%%
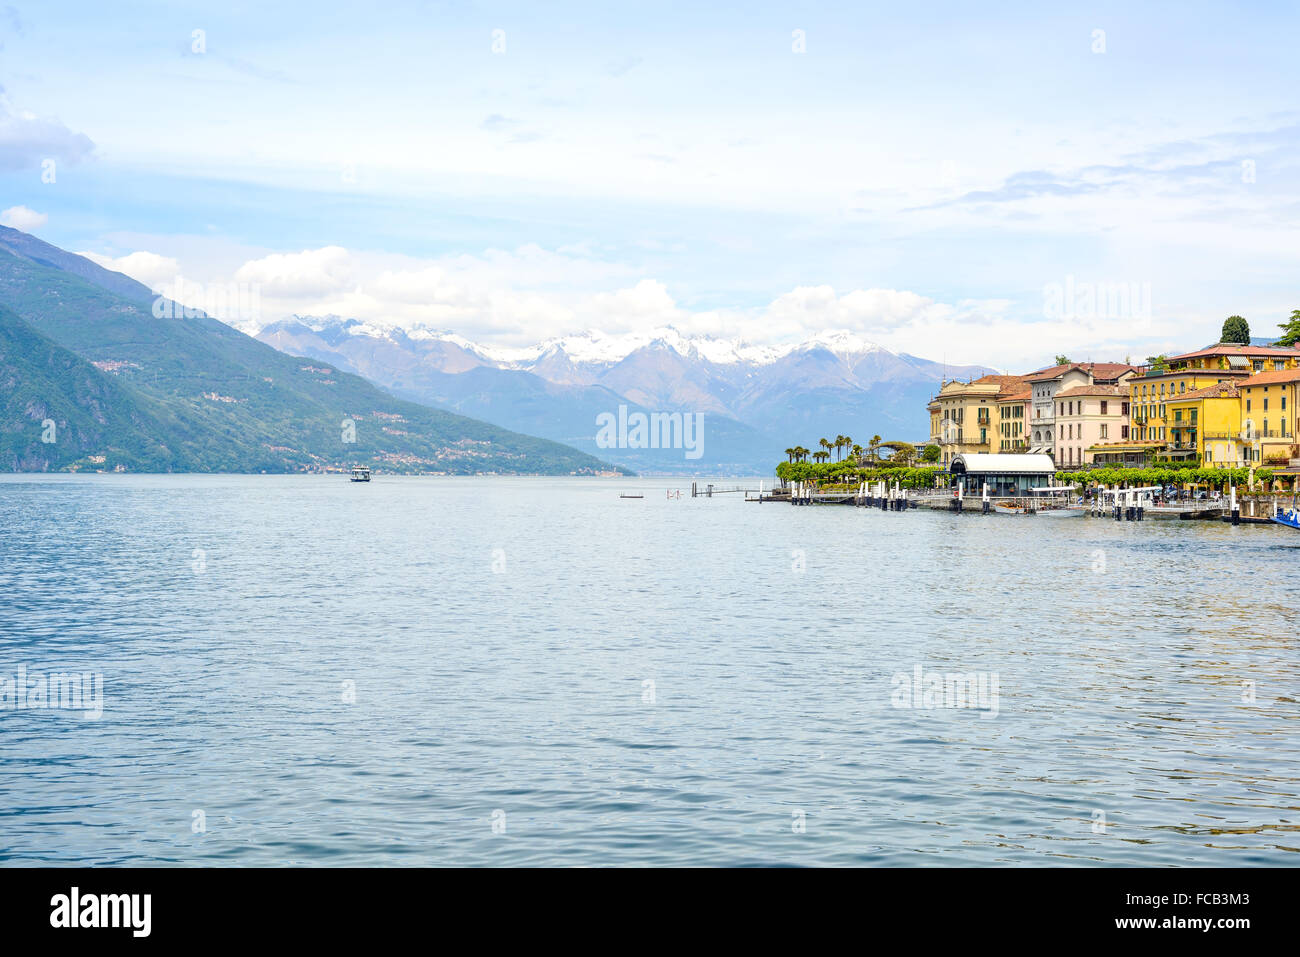 Bellagio Stadt Como Lake District. Landschaft mit Marina und traditionelle italienische See Dorf. Auf Hintergrund Alpen Berge co Stockfoto
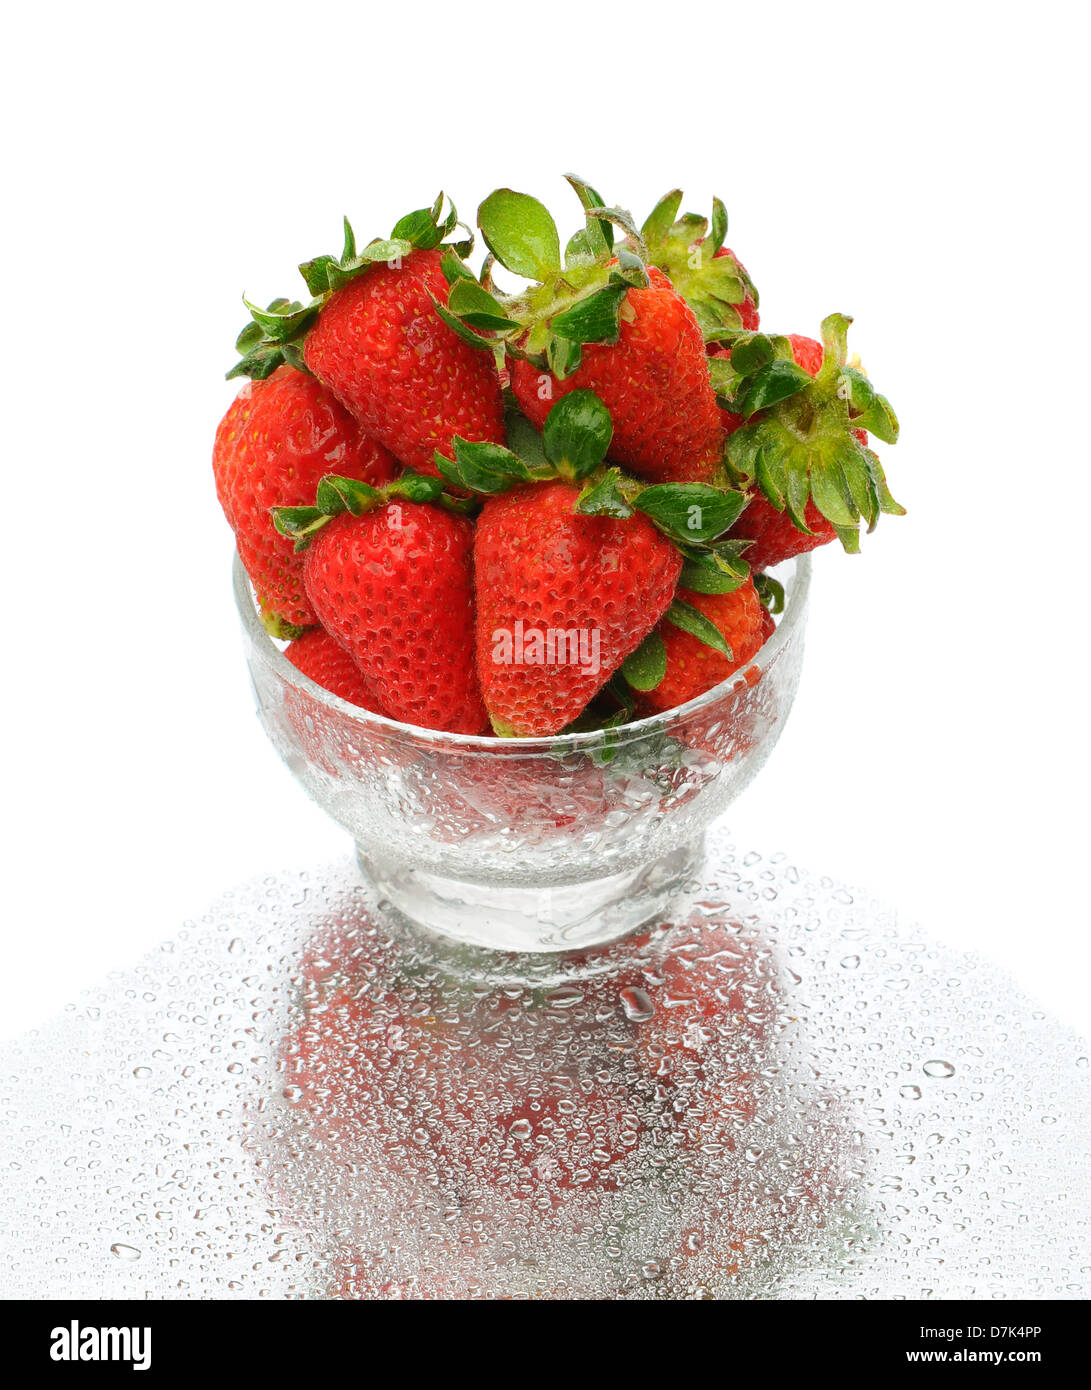 Nahaufnahme von frisch gepflückten Erdbeeren in eine Glasschüssel mit Reflektion auf nassem Untergrund vor einem weißen Hintergrund. Stockfoto
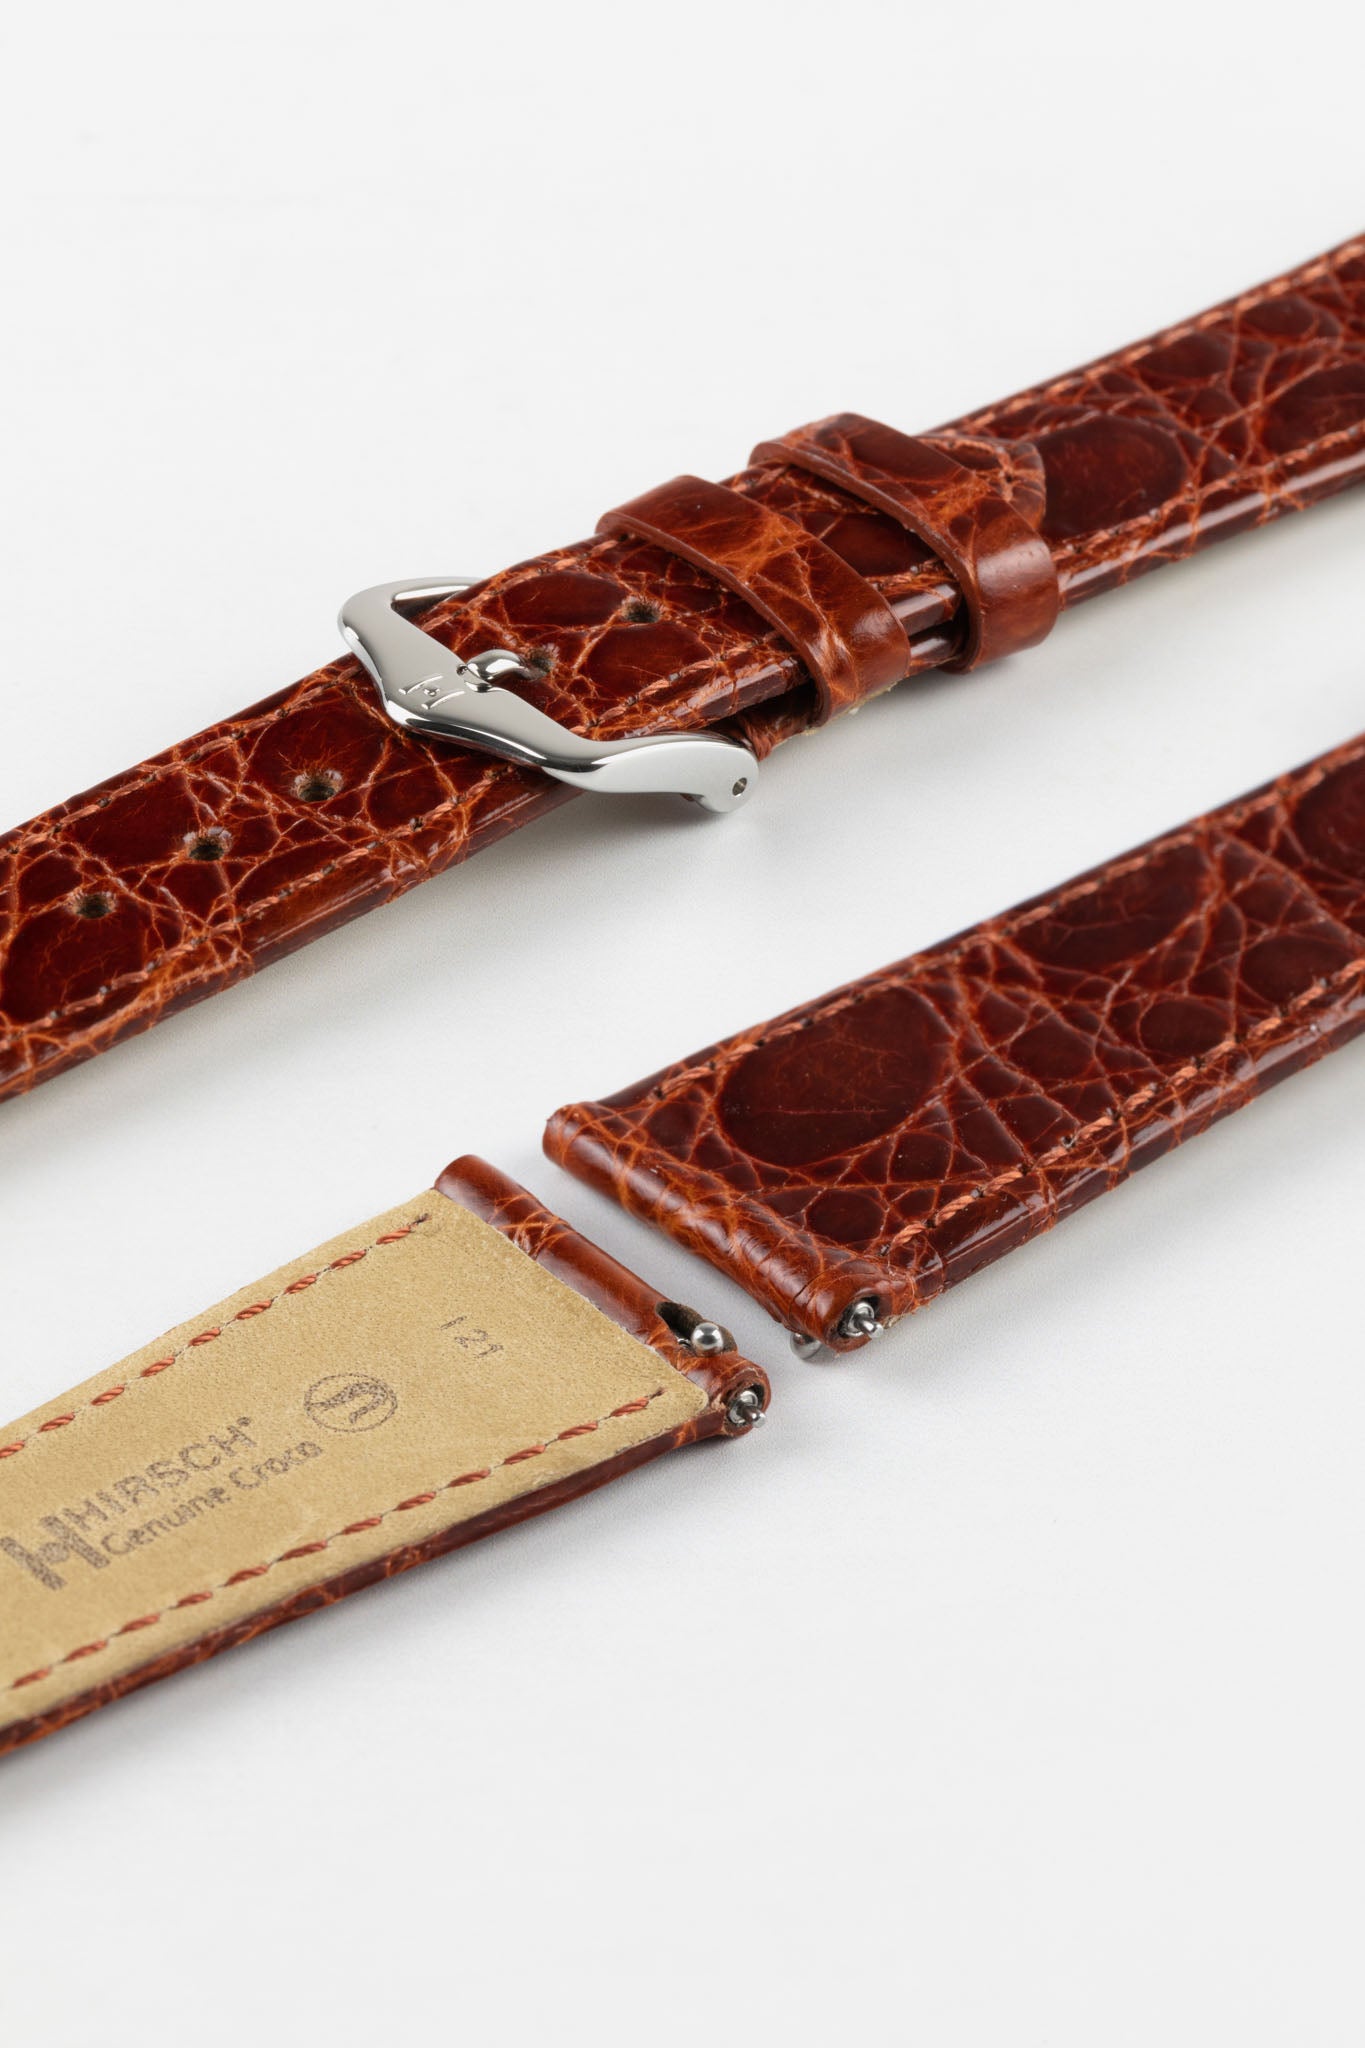 Genuine Crocodile Watch Strap, Hirsch
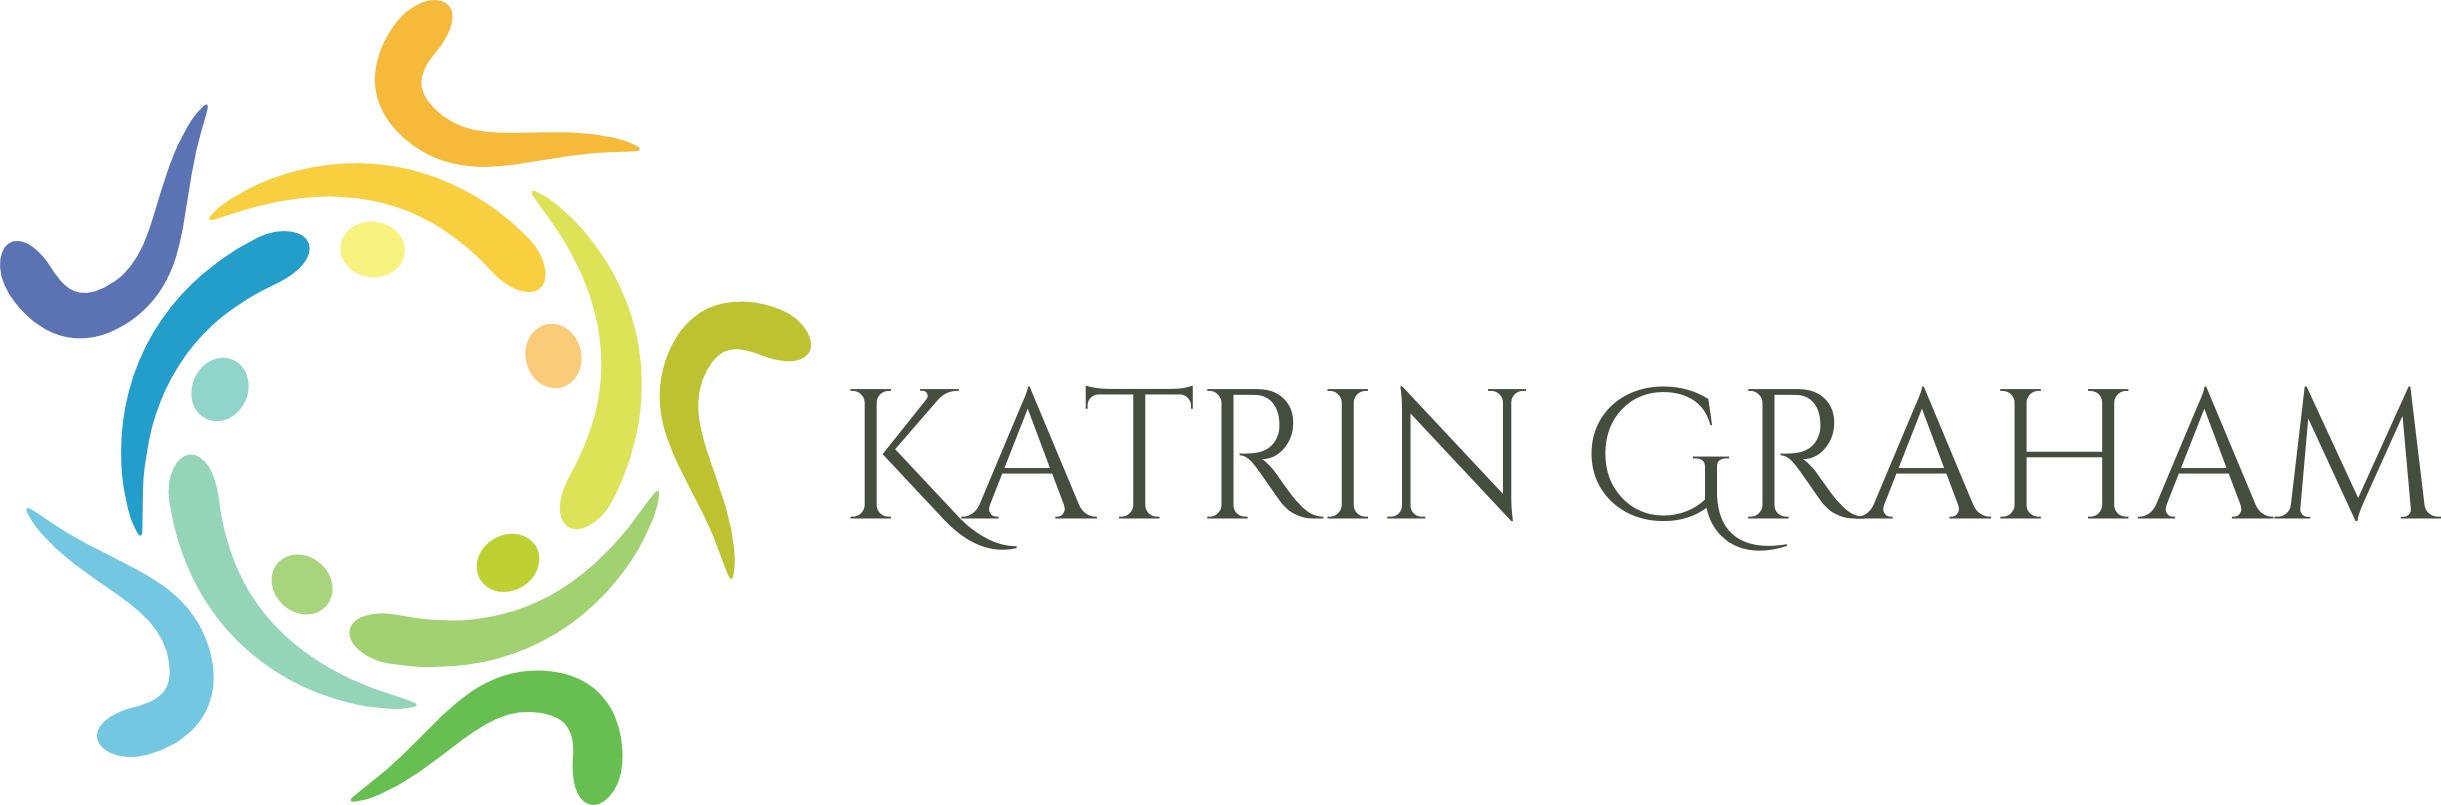 Katrin Graham in Witten bietet Supervision | Systemische Beratung & Therapie  | Coaching an.
%%
■ **EXERCISE DIRECTIONS**: Up to and including the last line of the listing, starting at the line with "Genuine Crocodile Watch Strap, Hirsch", extract every line exactly and leave out the pictures.

■ **RESPONSE AREA**:
 Genuine Crocodile Watch Strap, Hirsch
 Katrin Graham in Witten bietet Supervision | Systemische Beratung & Therapie  | Coaching an.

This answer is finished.